■ **Data provided**

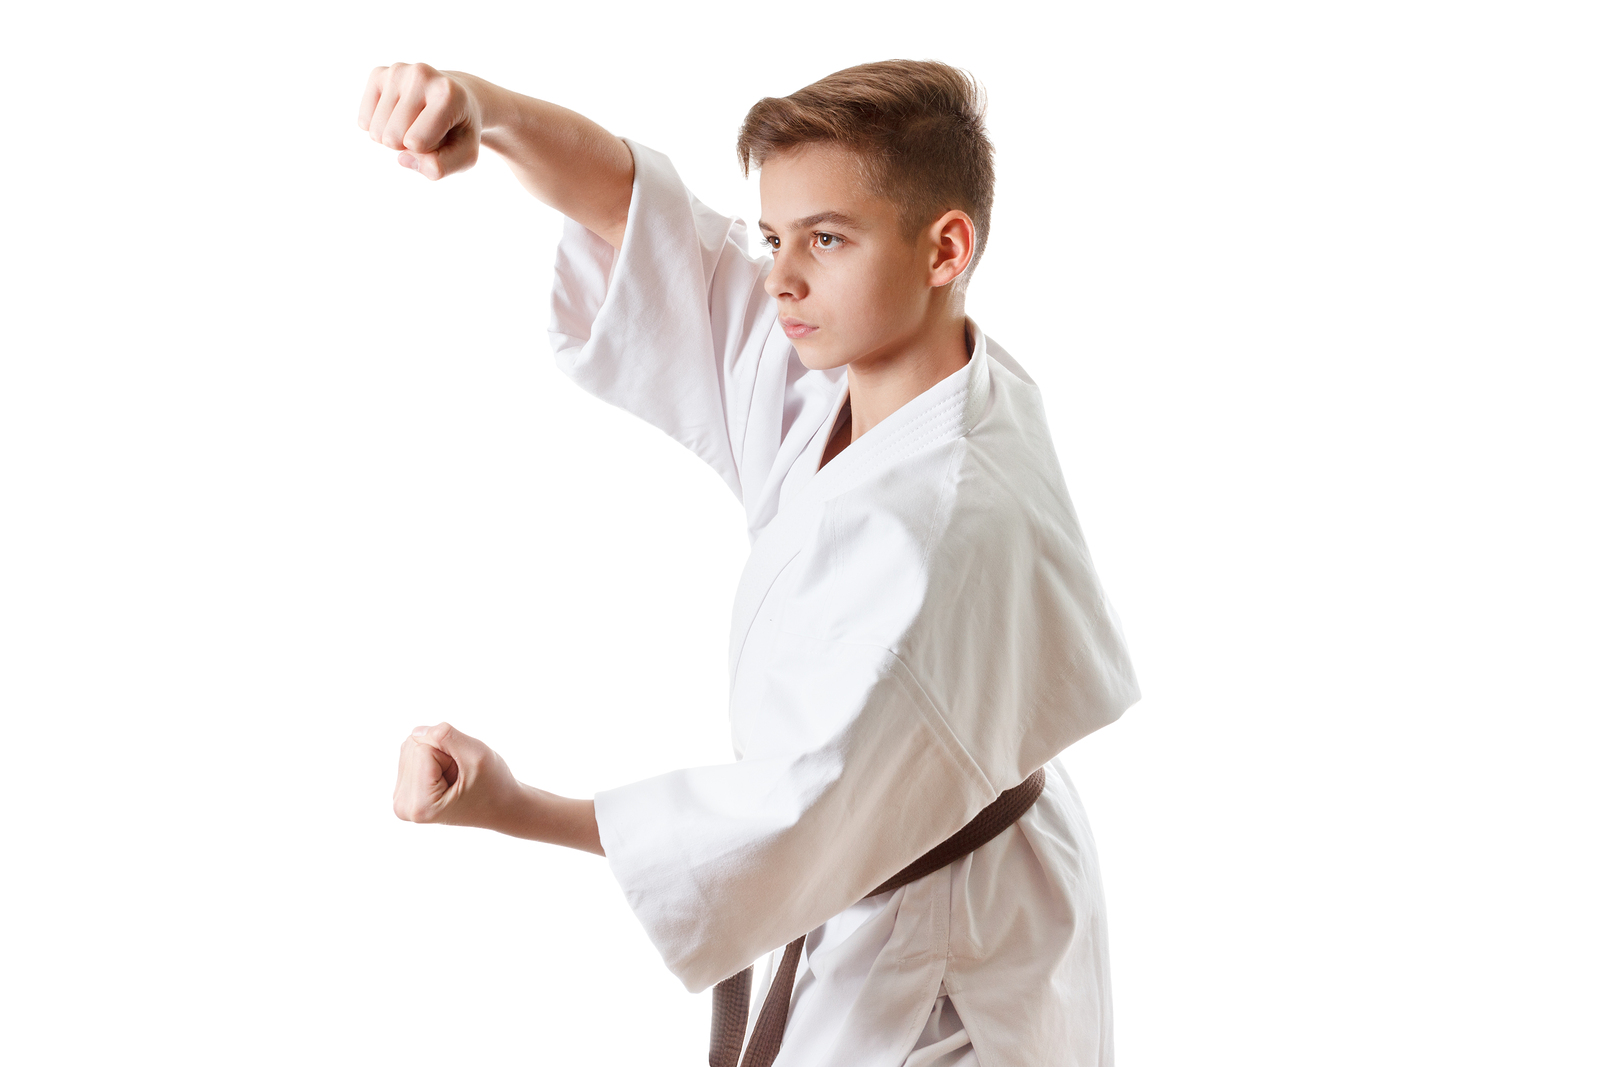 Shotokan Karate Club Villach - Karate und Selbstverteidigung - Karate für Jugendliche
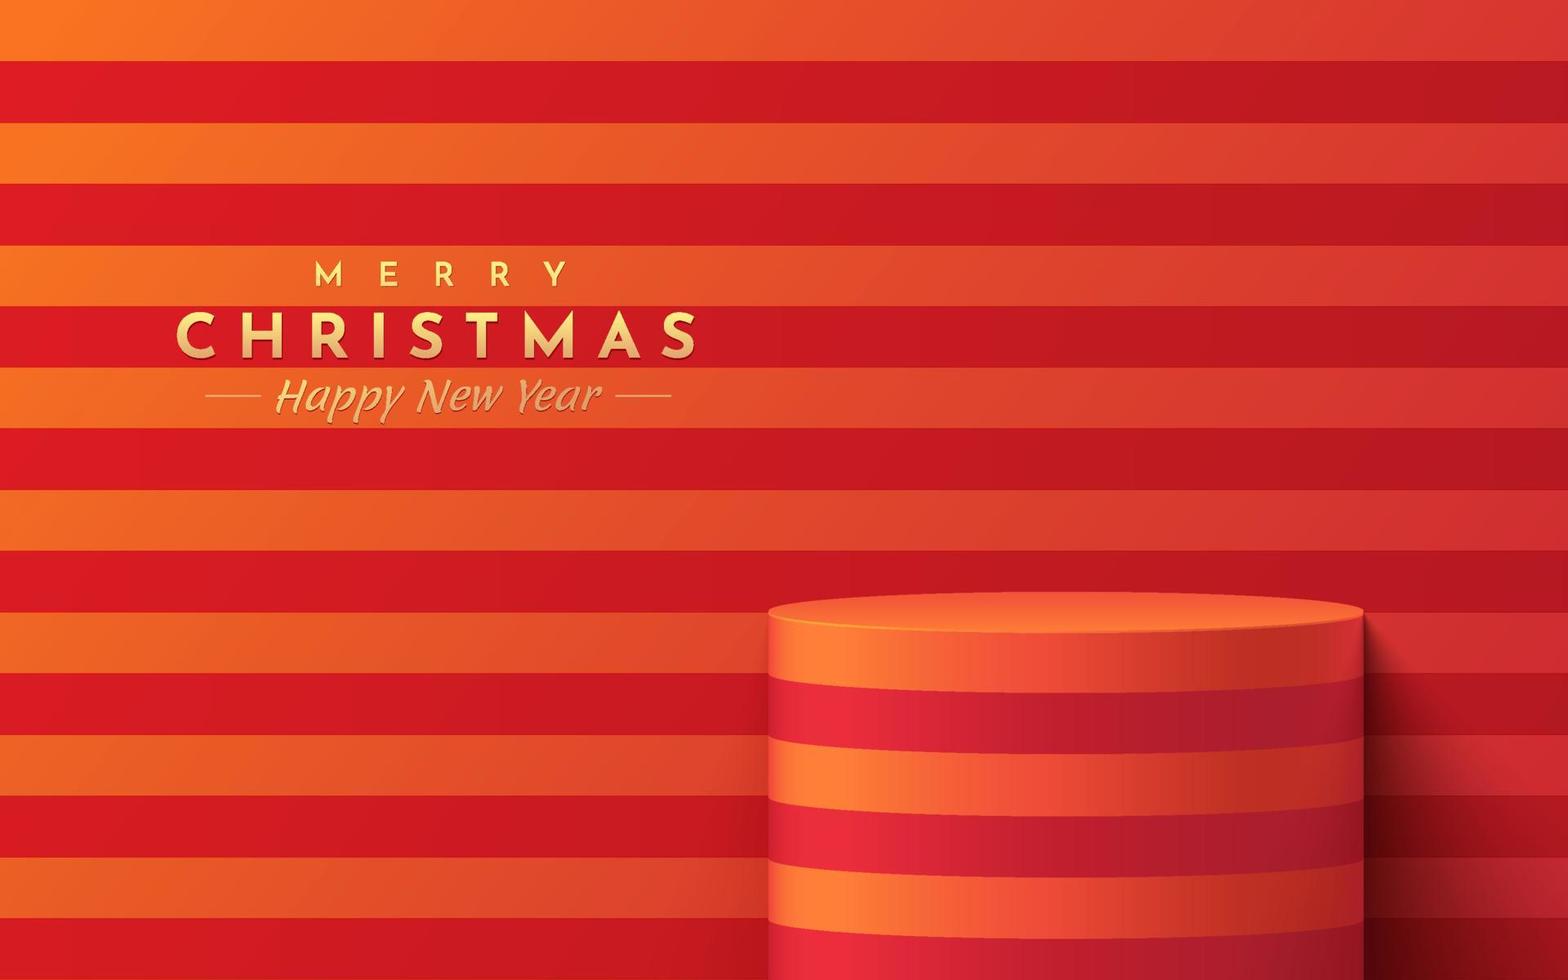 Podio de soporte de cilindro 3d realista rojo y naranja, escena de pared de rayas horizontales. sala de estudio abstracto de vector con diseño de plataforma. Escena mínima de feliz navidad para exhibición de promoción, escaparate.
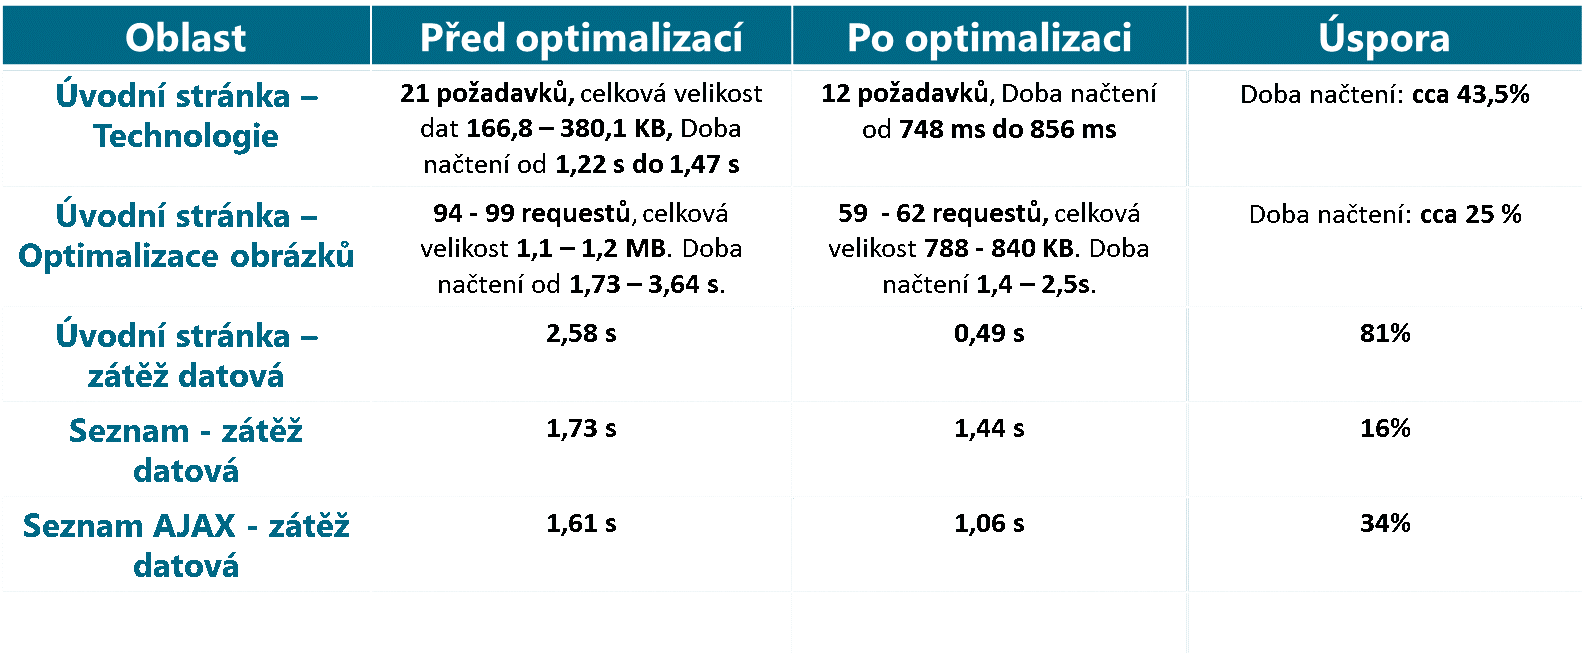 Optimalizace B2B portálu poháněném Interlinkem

■ **Exercise prompt**
Omit the pictures and reproduce the remaining material above exactly.

■ **Exercise answer**
 Shotokan Karate Club Villach - Karate und Selbstverteidigung - Karate für Jugendliche
 Podio de soporte de cilindro 3d realista rojo y naranja, escena de pared de rayas horizontales. sala de estudio abstracto de vector con diseño de plataforma. Escena mínima de feliz navidad para exhibición de promoción, escaparate.
 Optimalizace B2B portálu poháněném Interlinkem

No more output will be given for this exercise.